Tazza 'Ceramica rossa con fiori' vista di fronteUn nuovo arrivo nella mia famiglia di tazze (prima o poi farò una foto di gruppo, solo per vederle tutte allegramente insieme!). In Bottega erano arrivate delle nuove bellissime tisaniere che io osservavo con sguardo avido. Però la tisaniera è un oggetto di cui non sento tanto il bisogno, preferisco le tazze, e anche se mi piacevano tutte moltissimo il prezzo piuttosto alto mi ha fatto desistere dal comprarle.
Poi però ho scoperto che ne era arrivata una fallata, senza coperchio… e allora ho pensato: non la possiamo più vendere come tisaniera, ci tocca abbassarle il prezzo e venderla come tazza… insomma, ho approfittato della sventura, e l’ho presa per me!
Nella foto qui sotto c’è anche il colino, a testimoniare che una volta questa tazza è stata una tisaniera! :)

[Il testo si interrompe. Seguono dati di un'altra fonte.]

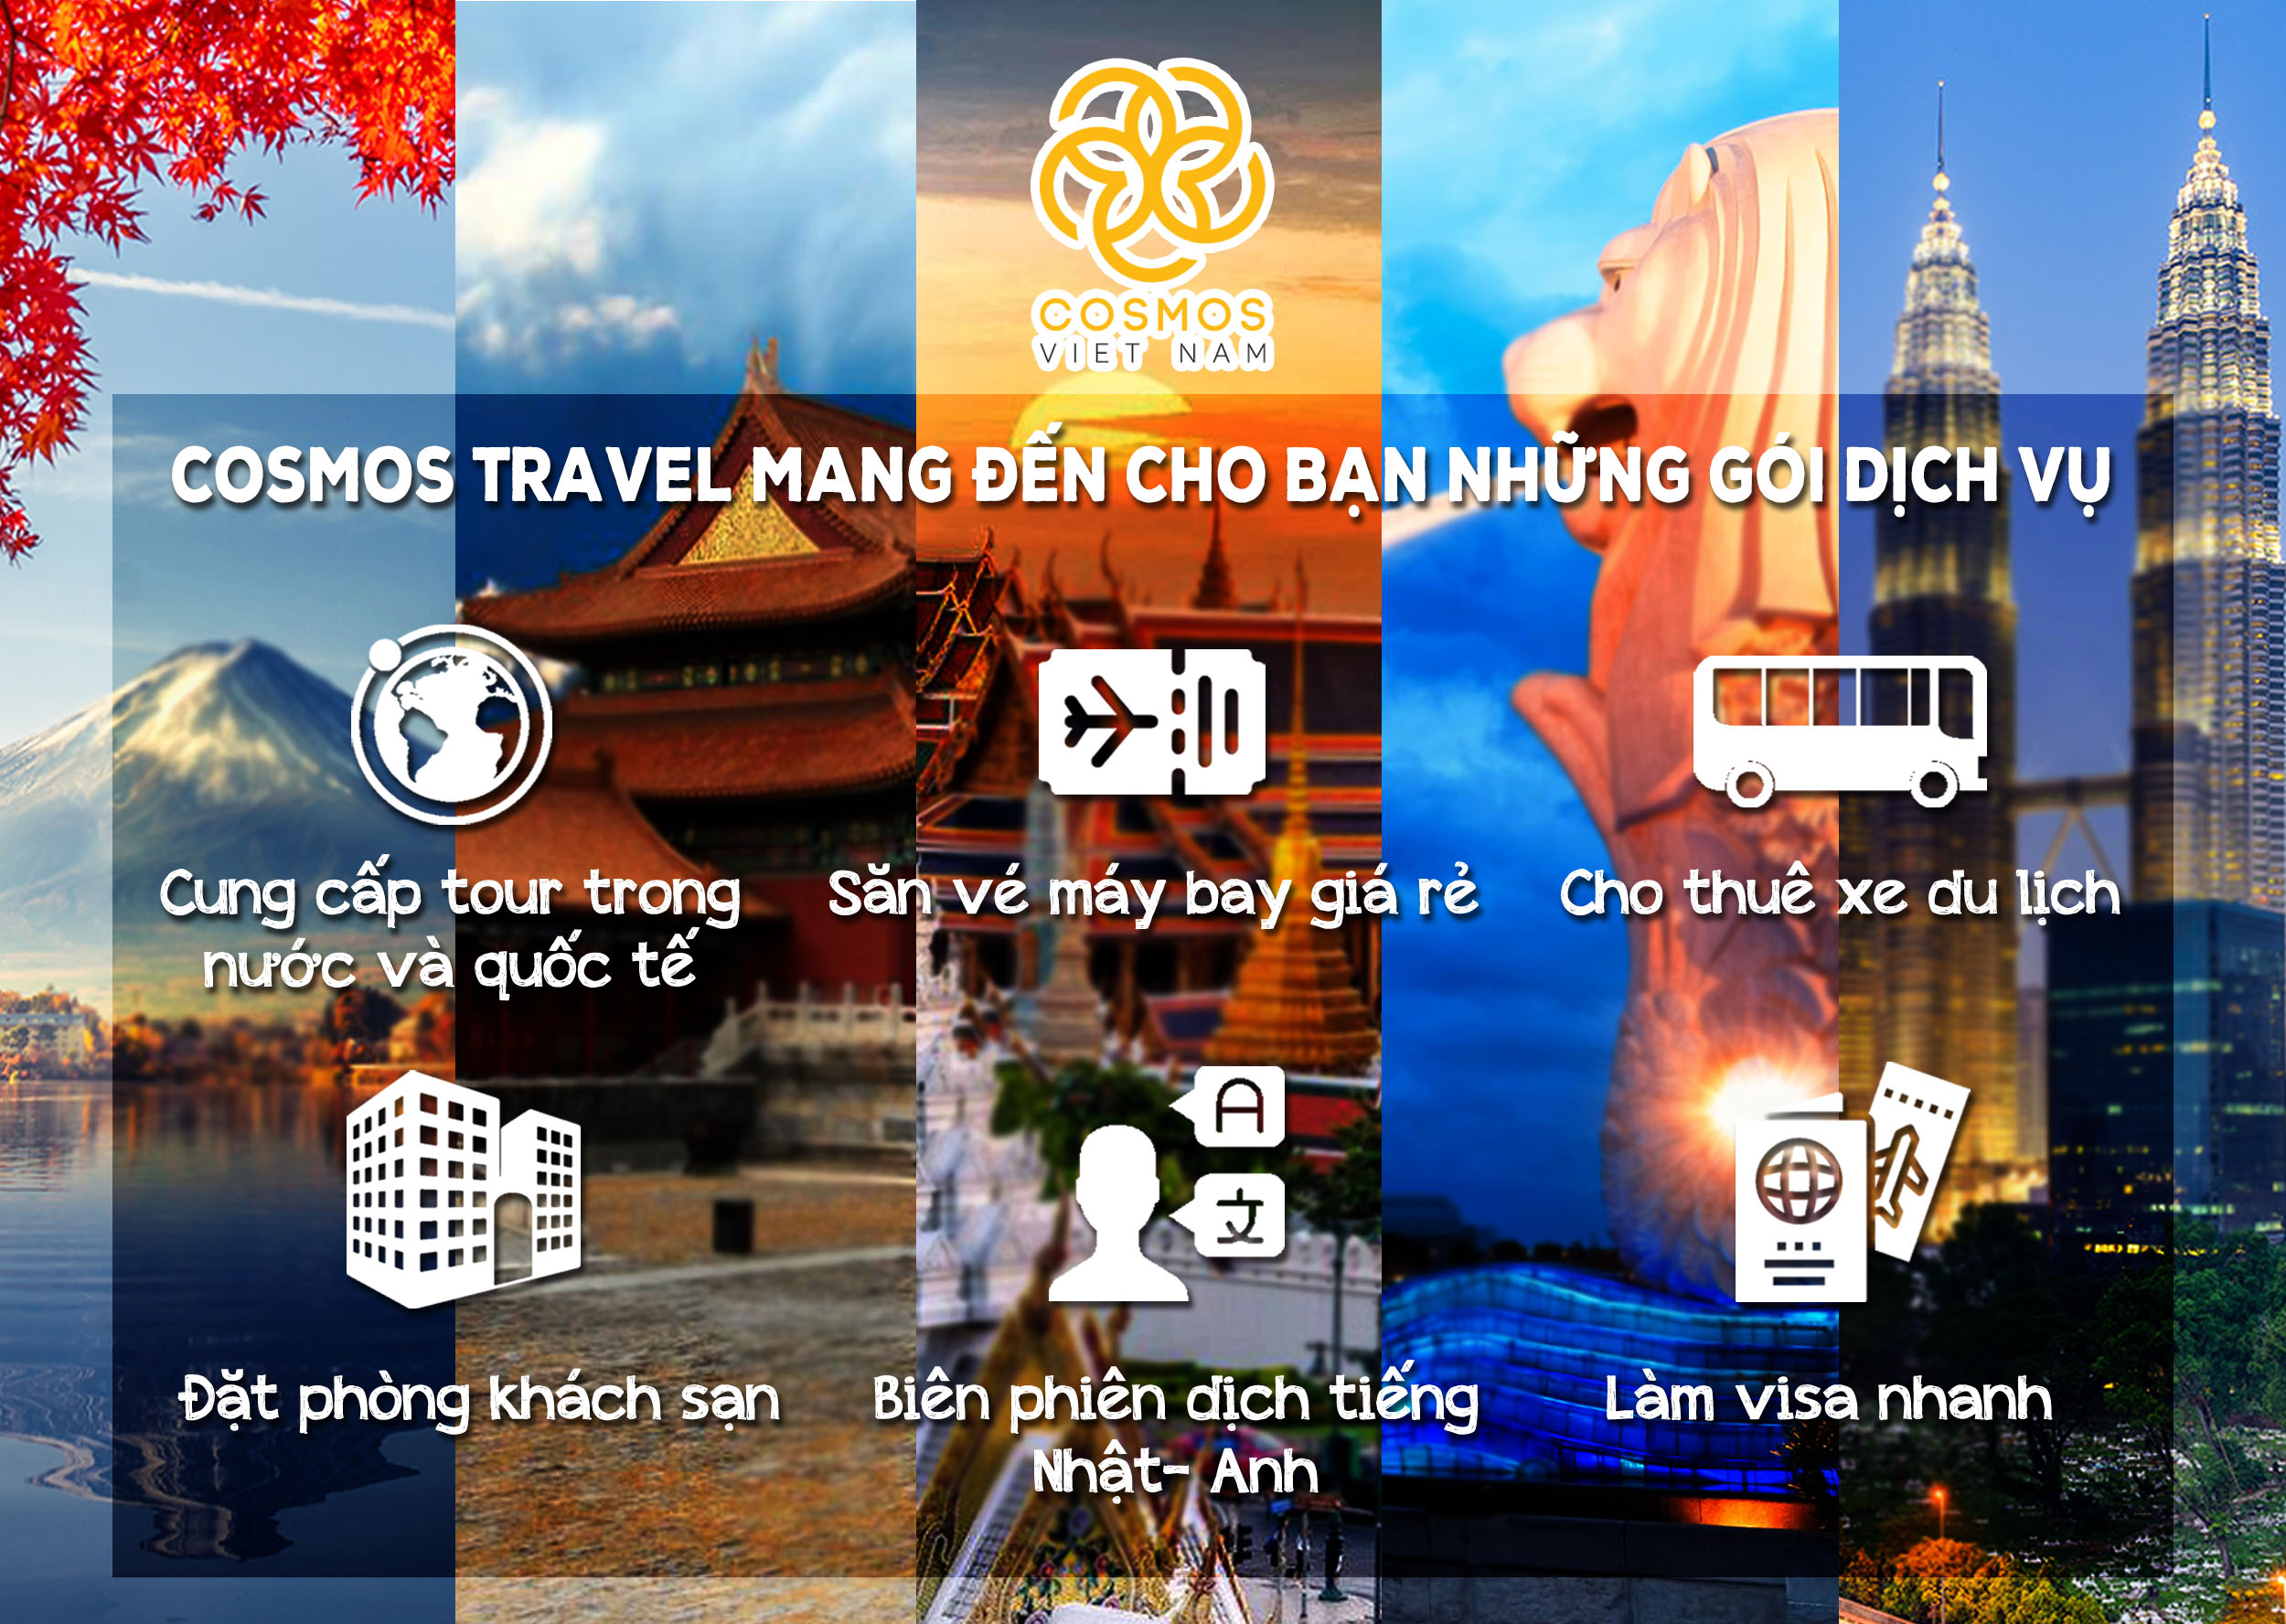 Cosmos Travel mang đến các dịch vụ du lịch chuyên nghiệp, giá thành hợp lý

Tazza 'Ceramica rossa con fiori'

Il caso poi ha voluto che quella fallata fosse anche la mia preferita, con questo bel colore tra il rosso e l’arancione!
Non sono riuscita a rendere bene nelle foto una sua particolarità: la tazza ha una forma quadrateggiante, non proprio dritta come un quadrato, ma non è neanche proprio tonda. Insomma, metà e metà, ma tutta bella, sicuramente!!!! :D

Tazza 'Ceramica rossa con fiori' vista da sopra

Questa tisaniera diventata tazza viene dal Vietnam, realizzata dagli artigiani del Craft Village, un’organizzazione formata da un gruppo di giovani vietnamiti che ha come scopo di sviluppare e valorizzare i prodotti tradizionali creati da piccole imprese a livello familiare, commercializzandoli sia sul mercato locale che sul mercato italiano del commercio equo e solidale, al momento il loro unico sbocco commerciale estero.
Il motivo del legame tra questa organizzazione e il nostro Paese risale alla sua origine: il progetto infatti è nato grazie all’intervento dell’ONG italiana Reorient, che ha coinvolto un gruppo di orfani e ragazzi di strada vietnamiti in attività di tipo educativo, culturale e formativo. Lo stesso responsabile di Craft Village, May, ha beneficiato di tali interventi e ha avuto la possibilità di studiare in Italia.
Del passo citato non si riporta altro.